Up in our room, Charlotte refuses to nap; she just lies on the bed and wails. Nothing is perfect. She won’t take a bottle and won’t take being held. It’s getting dark. Through the window, I see happy couples walking the manicured grounds, dressed for dinner and cocktails, no children in sight.

Shirtless, still wearing a damp swimsuit, I plead with Charlotte. Amber steps in. A few minutes later, our little girl is soothed and lying in her crib. Amber and I stare daggers at each other. We’re both exhausted. We might as well be back at the Joshua Tree Inn.

Two hours later, Charlotte is asleep. I have an idea – we’ll hook up the nanny cam, then Amber and I can go downstairs and get a bite to eat while keeping an eye on the baby.

To my surprise, Amber goes for it. We get dressed, aim the camera at the crib, and sneak out. It’s hard to enjoy dinner when you feel like the world’s worst parents, but we trudge through it.

Charlotte wakes up early again the next day, but it’s alright; we have to get to the airport. I hand the valet my claim ticket and a moment later the Challenger appears.

“Nice car,” he says, opening the door for me.

At the airport, Charlotte is restless and fussy.
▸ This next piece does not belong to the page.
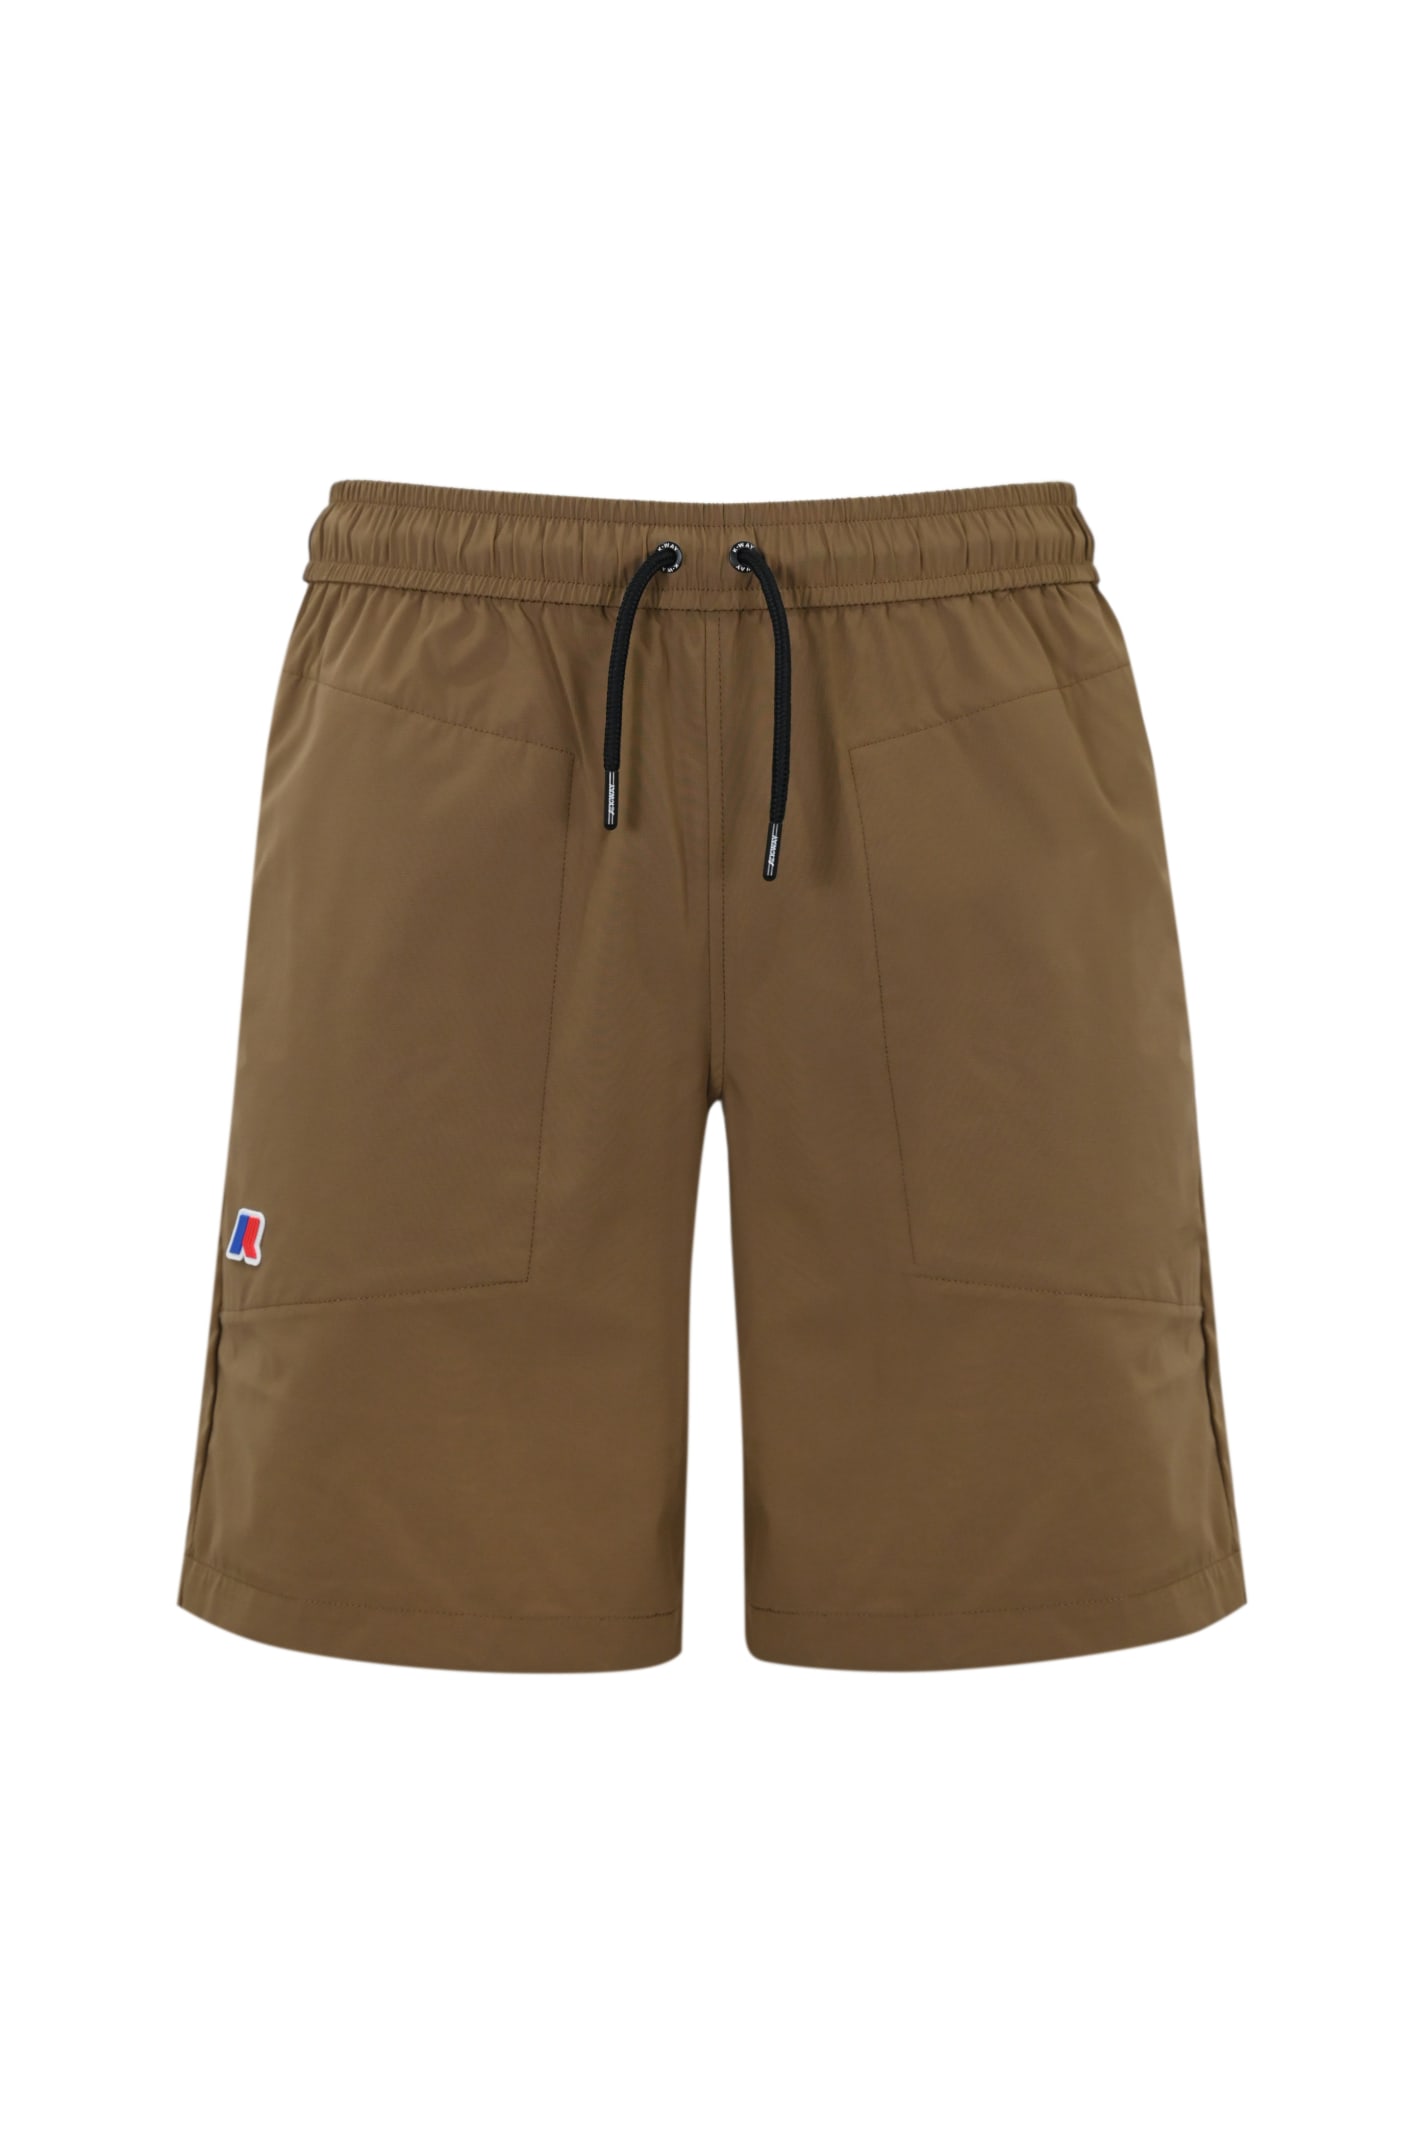 K-way Nesty Travel Nylon Shorts In Brown Corda

This time, I set her down on the floor and off she crawls. People stare; I shrug.

Since I work as a writer for an airline, we’re flying standby, first to San Francisco, then on to Chicago. After arriving at SFO, we get some food and settle in to wait for our final leg. No luck with the first flight to O’Hare. Or the second one. Everything between San Francisco and Chicago is full. We watch our names roll over again and again on the standby list. Charlotte is crying. When it looks like we won’t make the third flight, I grow delirious.

“Let’s just rent a car and drive all night back to Chicago,” I say, trembling.

Amber shakes her head. “Will you listen to yourself?”

I try to buy a full-fare ticket, but none are available. Desperate, I refresh the airline app on my phone. Still nothing. On the third attempt, I nearly faint when I see that two seats have opened up. Without a second thought, I bite the bullet and purchase them.

When we board our aircraft, our seats aren’t together so Amber and I separate, and Charlotte comes with me. A man in our row makes a comment about babies on planes and waits, smiling, for me to laugh. I pretend I don’t hear him.

It’s not until we’re in the air that I relax a bit. I’m disheveled and sweaty and my nerves are frayed. Charlotte falls asleep in my lap with her head resting on my chest. Everything’s okay; we’re going home. Was the trip really that bad? I argue the point in my head until I finally close my eyes and drift off but, ultimately, it’s a draw.

Back at our apartment that night, I fight the urge to ask Amber how she scored it. I’m afraid I know the answer. Worst of all, I’m afraid I know whose fault it is. We lie in bed and silently agree to never talk about it again.